LIST: Things You Should Not Do After Applying For A Mortgage
Published | Written by Erin Epperson
You're doing it! You're one step closer to buying your home. Even though you've been pre-approved, you're not in the clear until closing documents are signed. This means, one hasty misstep and you could put your loan status at risk. With such a big purchase coming, you're undoubtedly tempted to start making those big purchases to complete your home, or move your money around for safe keeping. These are all things that could impact your home loan. Below is a list of things you shouldn't do after applying for a mortgage to avoid putting your home loan in jeopardy before closing day.
1. DON'T MAKE LARGE DEPOSITS/WITHDRAWALS
Part of your approval process includes providing your lender with recent bank statements. Any large sum of money coming in and out of your account raises some eyebrows and could be ground for a halt on processing your application. It's also important to note that cash is not easily traceable. You should discuss the proper way to document any "have-to" money transfers with your mortgage officer prior to doing so.
2. DON'T CLOSE CREDIT ACCOUNTS
You want to have good credit, yes. Many people are under the impression that closing off extra accounts will make them look like a more stable candidate for approval. Closing accounts (even the ones not in use) reduces your available credit and raises your debt to income (DTI) ratio. A portion of your credit score relies heavily on both the length and depth of your credit history.
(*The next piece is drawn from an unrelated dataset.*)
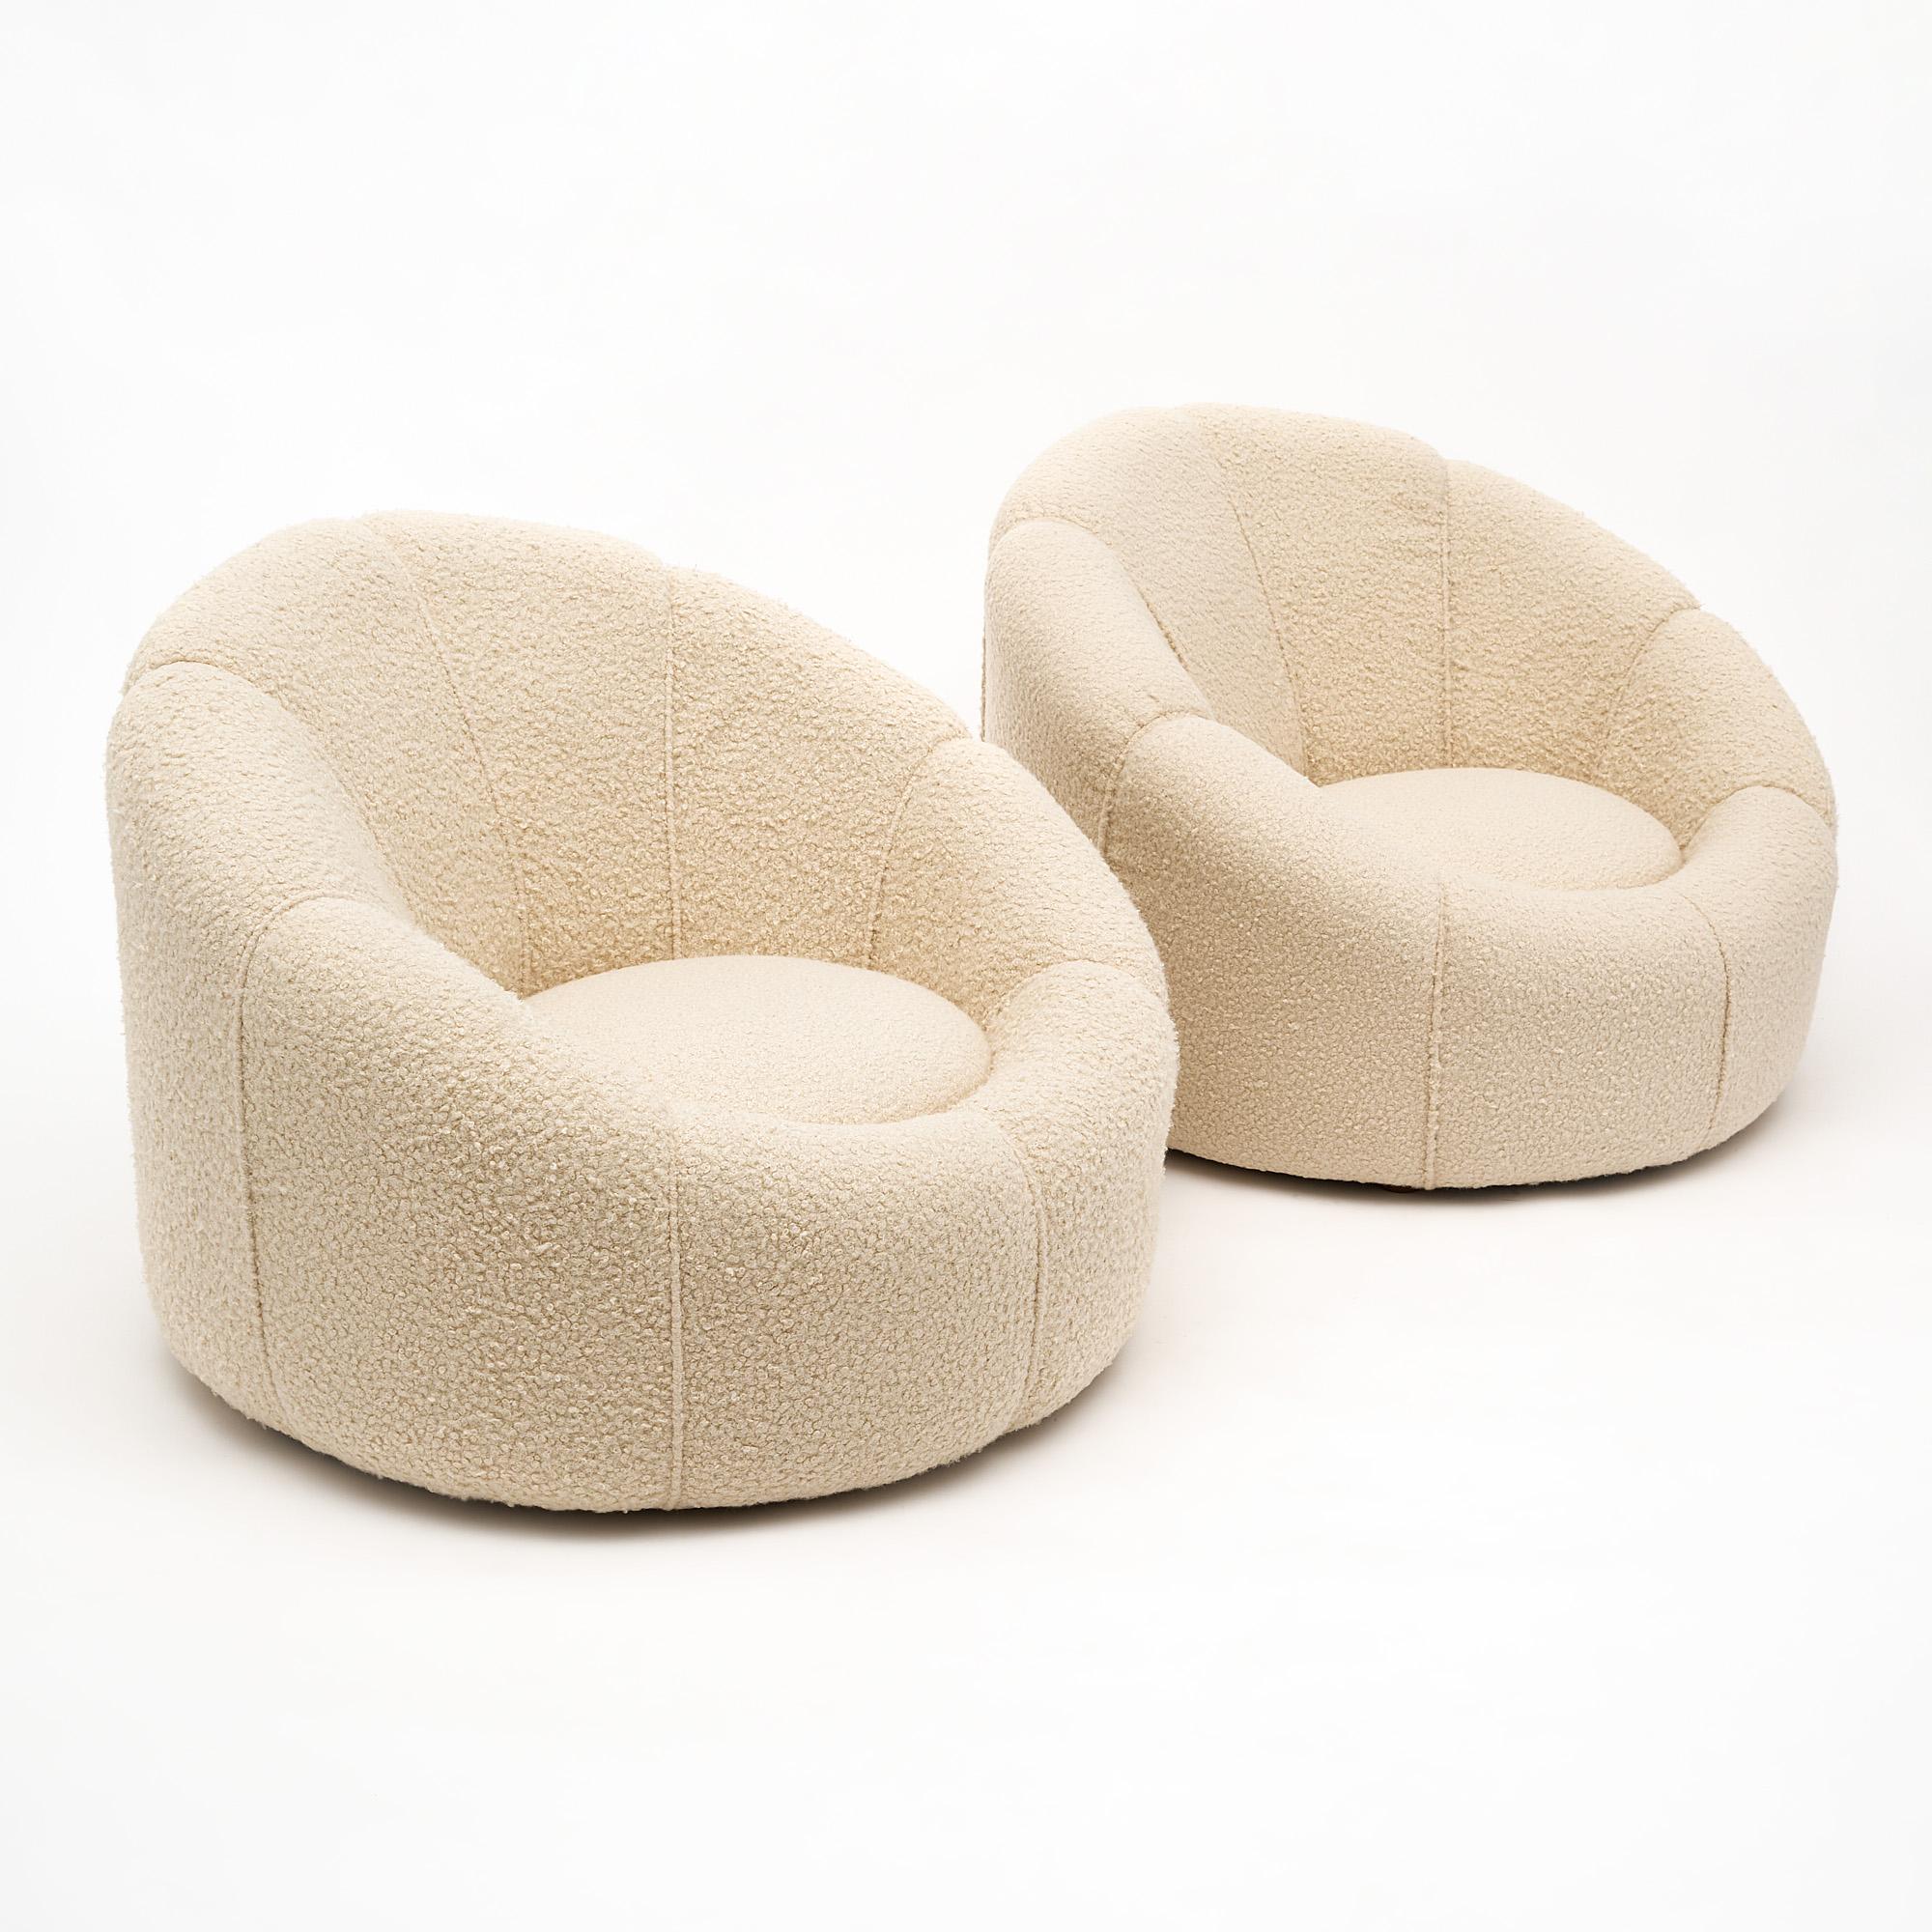 Pair of custom armchairs from Italy made in the modernist style with strong frames and a new “bouclé” wool blend upholstery. The pair is comfortable and plush, we love the design and presence of this pair.

3. DON'T MAKE LARGE PURCHASES ON CREDIT
Large purchases, say to furnish your new home, actually raise your DTI. In other words, new purchases come with new monthly responsibilities and higher debt to income ratios create riskier loans. This means someone who once qualified for approval, now raises a red flag to lenders. Do continue to build your line of credit as usual with smaller, typical purchases you are more than able to pay off each month.
4. DON'T CHANGE JOBS
You may be wondering how changing from one source of income to another could have an effect on your mortgage qualification in any way. Proof of a steady, consistent income is vitally important. It's also pertinent that you're remaining in the same industry as you were when you applied. Consistency across the board throughout the entirety of the mortgage approval process is the key to approval.
5. DON'T CO-SIGN OR PAY OFF COLLECTION ACCOUNTS
When you co-sign for someone, you are essentially agreeing to be that individual's safety net. Regardless of your intent to make their payments or not, your lender is required to count those payments against you. Additionally, when you make payments on older collection accounts, it actually makes that account "current" and can drop your credit score. If a payment is nearing its mark to expire based on the date of your last payment, it's actually best to leave that payment alone.
Of course, this is not a comprehensive list and there are additional safety steps to take in order to ensure you are not putting your chance for mortgage approval at risk. Always consult with your mortgage officer if you're unsure of what you can and cannot do between approval and closing day.